Yet there are still some best practices that organizations of any size can keep in mind while trying to adhere to HIPAA password requirements. Even though HIPAA does not list specifics that your organization can have in place to ensure your passwords are secure, there are federal regulatory bodies that do release password guidance. One such organization is called NIST (National Institute of Standards and Technology). NIST releases security guidance on an ongoing basis that highlights industry best practices for organizations of all kind. NIST also routinely issues new guidance on password creation, making the NIST password policy template useful to keep your data safe.

Below, we discuss a few of the measures you can put in place to keep passwords coherent with NIST and HIPAA requirements.

  • Use a minimum of 8 characters: NIST also says that passwords can be up to 64 characters long if it’s protecting particularly sensitive data.
  • Avoid password hints: creating hints such as “my last name” or “my anniversary” can seriously compromise the integrity of your passwords.
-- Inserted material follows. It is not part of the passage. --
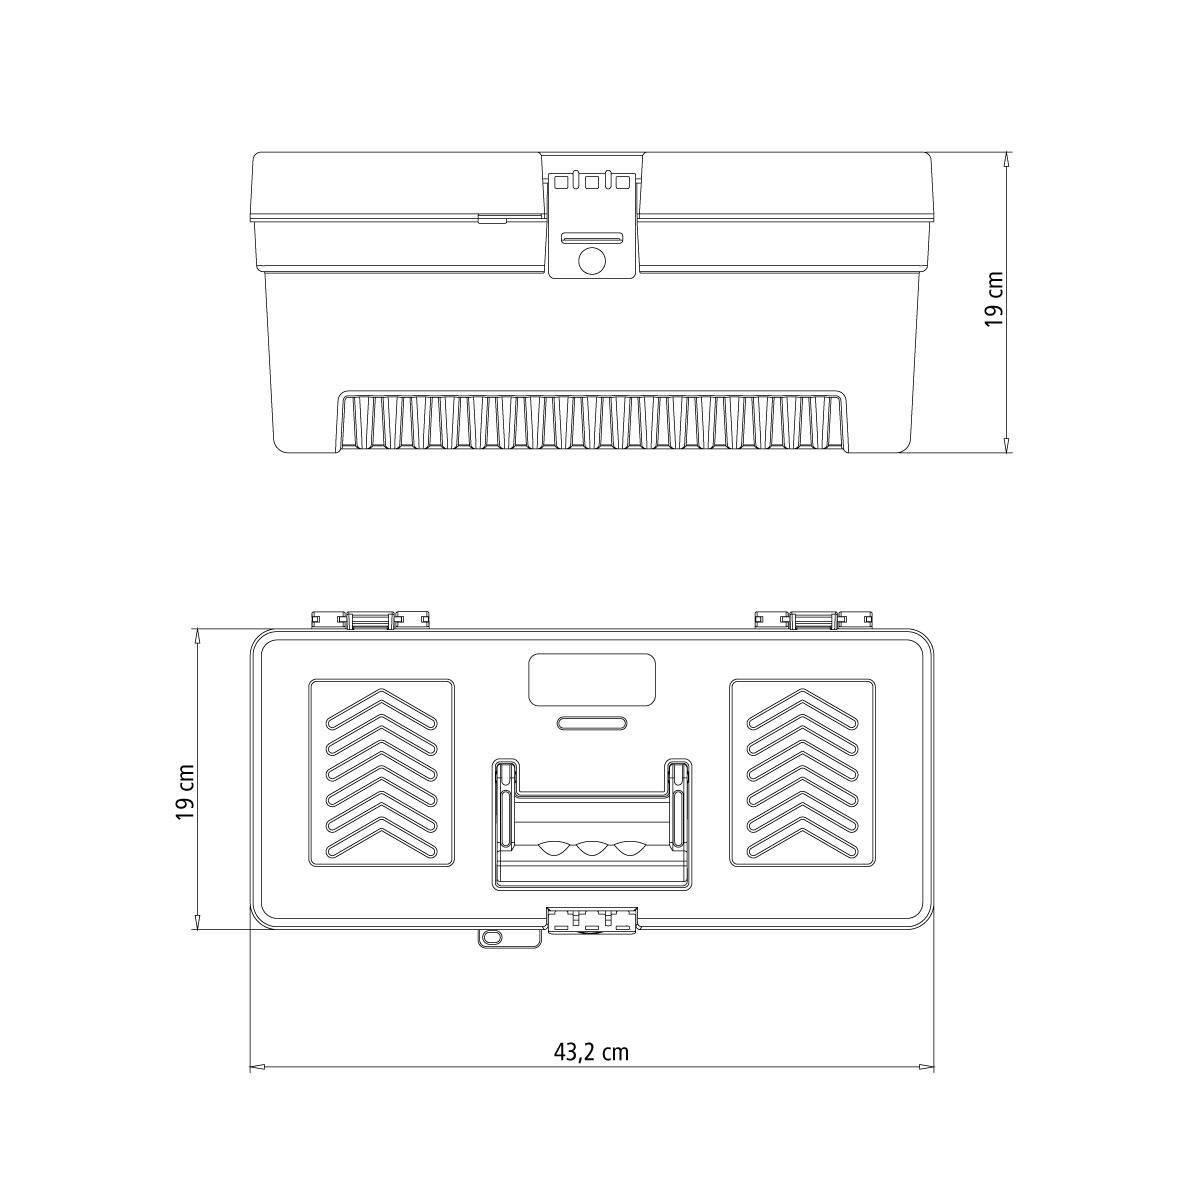 Caixa Plástica de Ferramentas Tramontina 43804/117 17

Avoid these at all cost!
  • Create memorable passwords: NIST no longer suggests unnecessarily complicated or obtuse passwords. These can actually lead to weaker passwords in the long run. Your password should be sufficiently unique and memorable so as to avoid the dreaded post-it note on the computer monitor.
  • Vet passwords against a list of common/weak options: NIST guidance suggests that passwords should be vetted against a list of common passwords (such as “password,” “123456789,” and so on). This can be executed by an IT or security firm.

Once you’ve addressed your HIPAA password requirements, be sure to get the rest of your HIPAA compliance program in check! HIPAA Privacy and Security standards are absolutely essential to protecting your practice against data breaches and federal fines. Compliancy Group helps ensure that you’re protected using our unique compliance software. Click here to find out more.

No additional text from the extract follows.